Mind you, those do look a bit like American flags hanging from occasional porches, windows and car antennae, their prevalence or otherwise yet another visible marker of the racial make-up of a community. In white-ethnic Bay Ridge or Garfield, the flags have often been integrated into gloriously garish red-white-and-blue Christmas-light displays; in black Paterson or Flatbush, they're altogether scarcer, mostly appearing as little stickers on shop windows.
This week I watched Michael Mann's messily brilliant Ali in Brooklyn with a 90 per cent African-American audience. When Will Smith as Muhammad Ali charged out of a courtroom declaring that his enemies and oppressors were right here in the USA, and that he wasn't prepared to travel thousands of miles to kill other poor people, cheers and applause rippled around the cinema.

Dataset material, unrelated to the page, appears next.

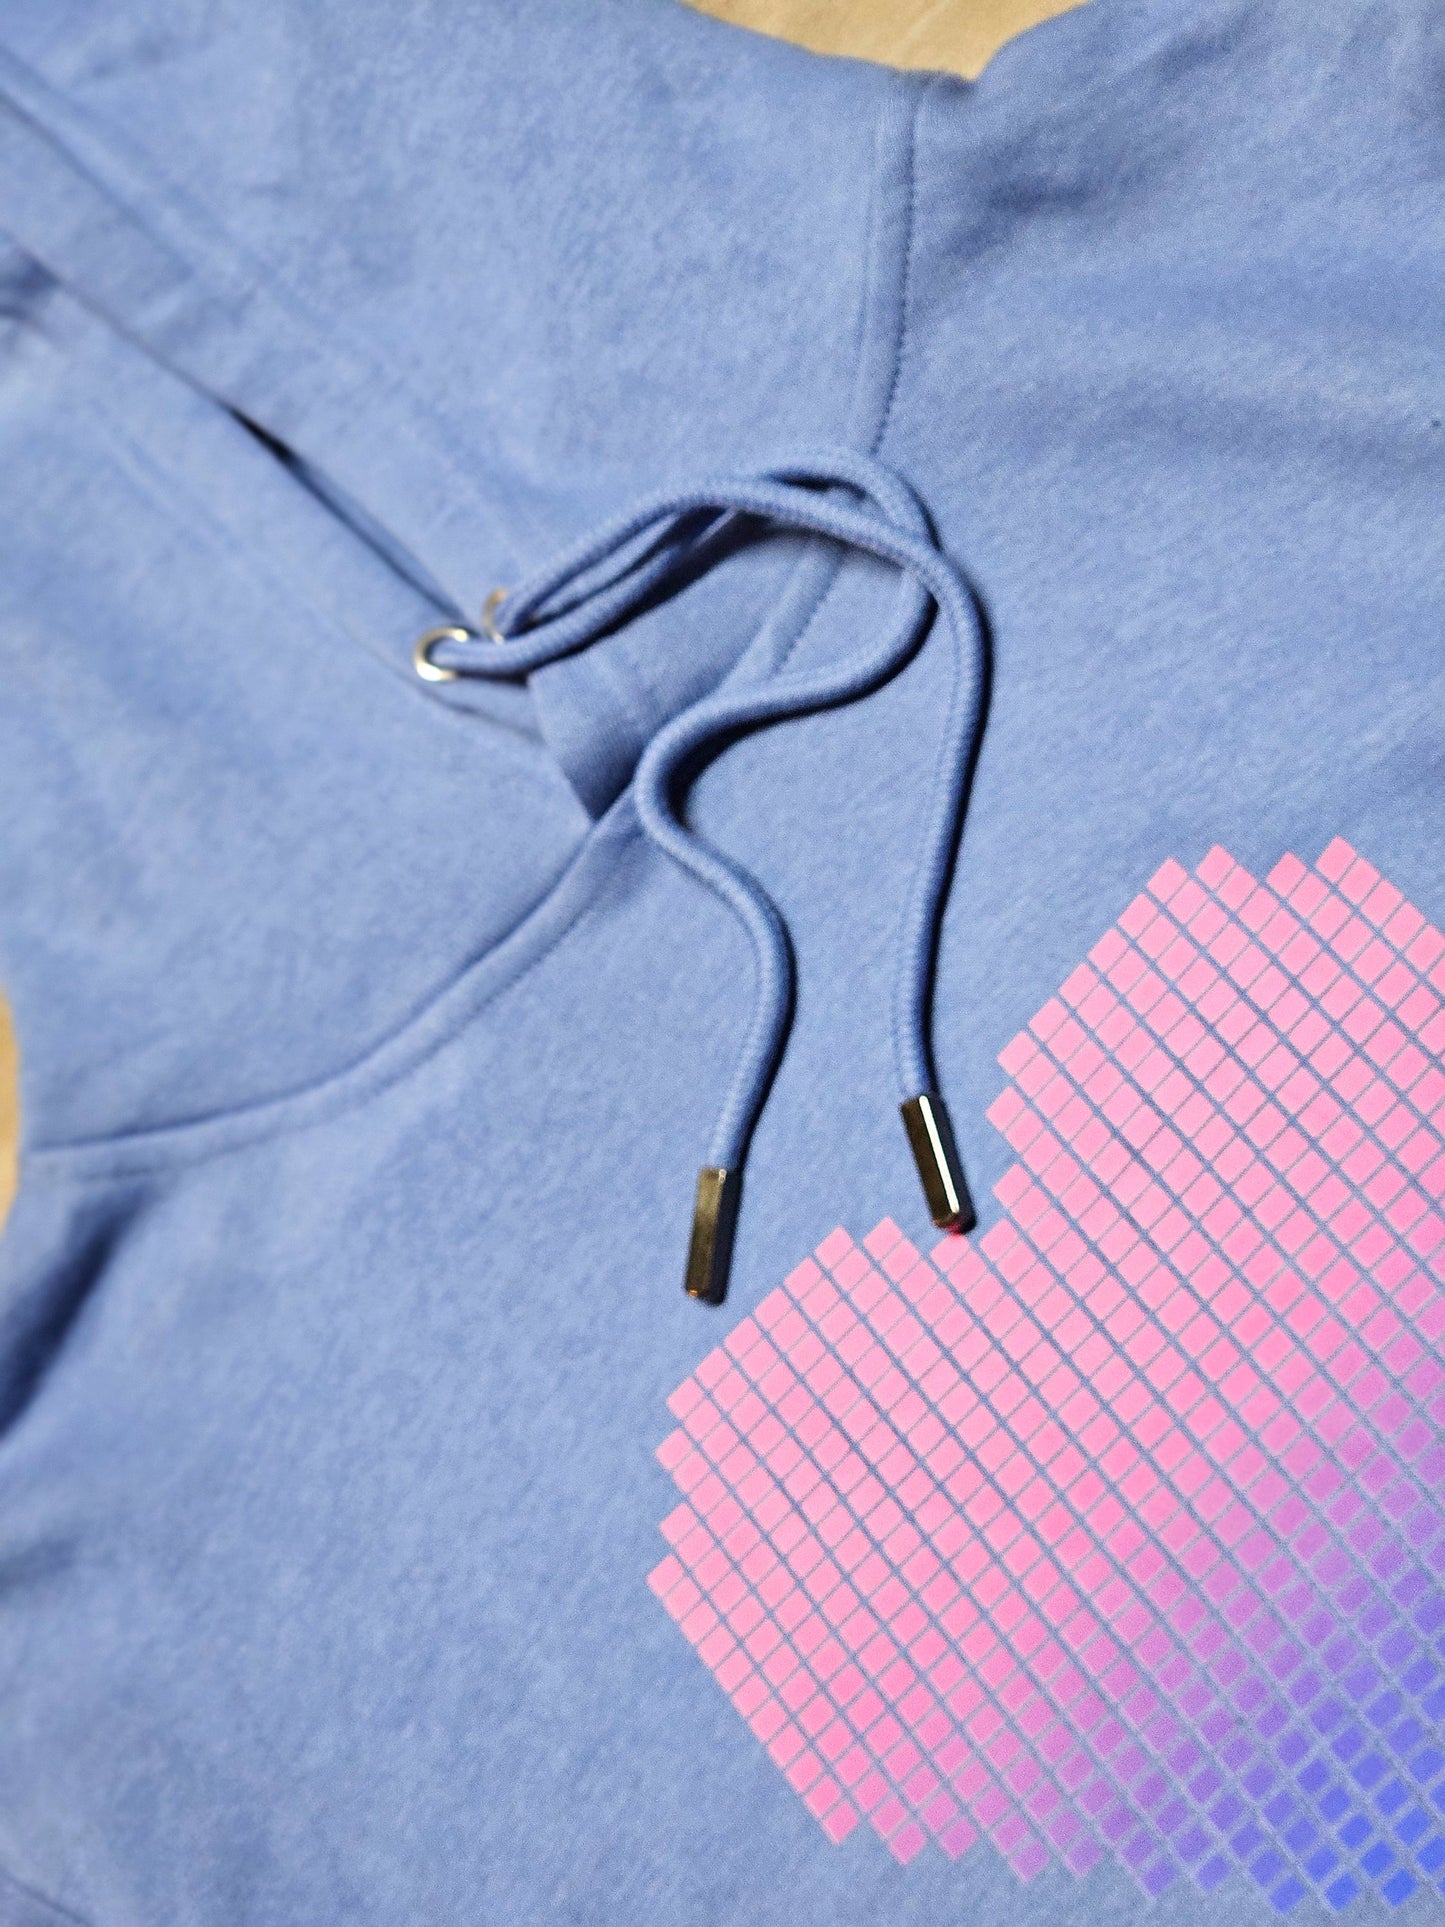 Pixel Heart Pullover Hoodie - Sweatshirt, 90s Y2K, Dreamcore, Candycore, Self Care, Pastel Soft Girl, Streetwear Unisex Kawaii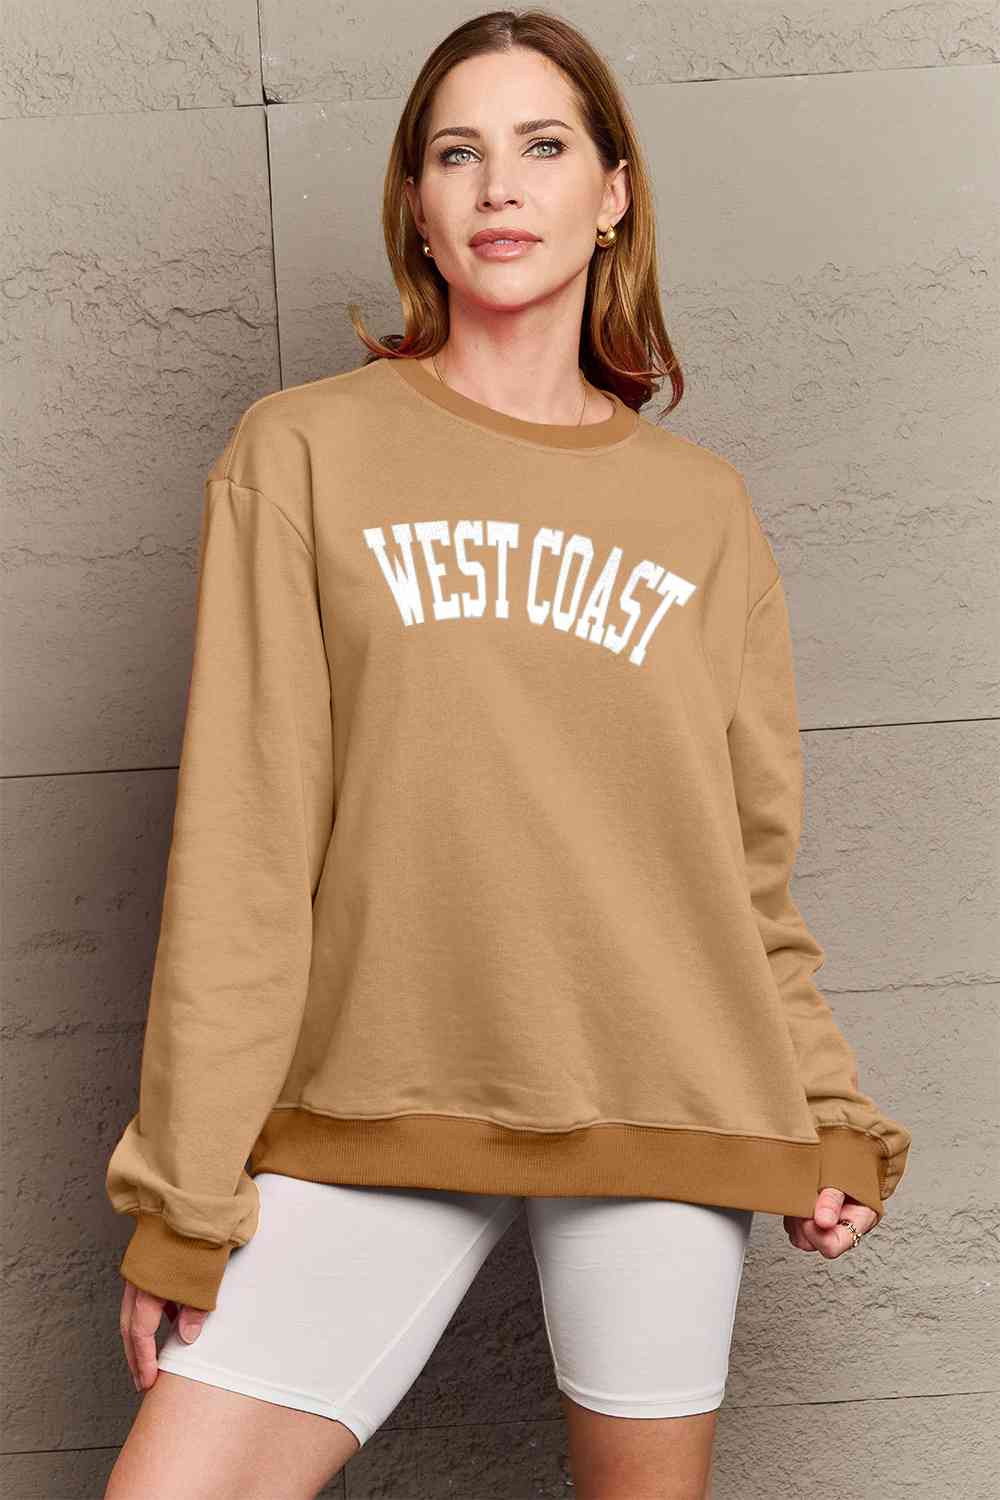 Simply Love Full Size WEST COAST Graphic Long Sleeve Sweatshirt

Most of the interesting sounds of New Year's week in maybe-America were off-the-air, like the dusty silence near Ground Zero, punctuated by the sounds of heavy equipment and tourists jockeying for a photographic vantage point. Again, we were reminded that the September 11th act of attempted "urbicide" still has the effect of a serial killer, with 13 bodies pulled out of this hole in the city on New Year's Day alone.
Ordinary conversations abound with September 11th stories and lessons, none of them involving the need to kill Afghans. (The New York Times managed to publish a big Year in Pictures supplement that didn't include a single photo of Afghan civilians affected by US bombing.) On a bus, I heard a suave black man share his Christian conclusions with a stranger: "September 11th reminds us: you may put on your shoes in the morning, but might-be it's the coroner gonna be taking them off at night" - it's a vivid image, though horribly inapt for the World Trade Centre occasion, in which people, including their shoes, were evaporated. The message? "Be right with God, and use the precious days He gives us to serve him."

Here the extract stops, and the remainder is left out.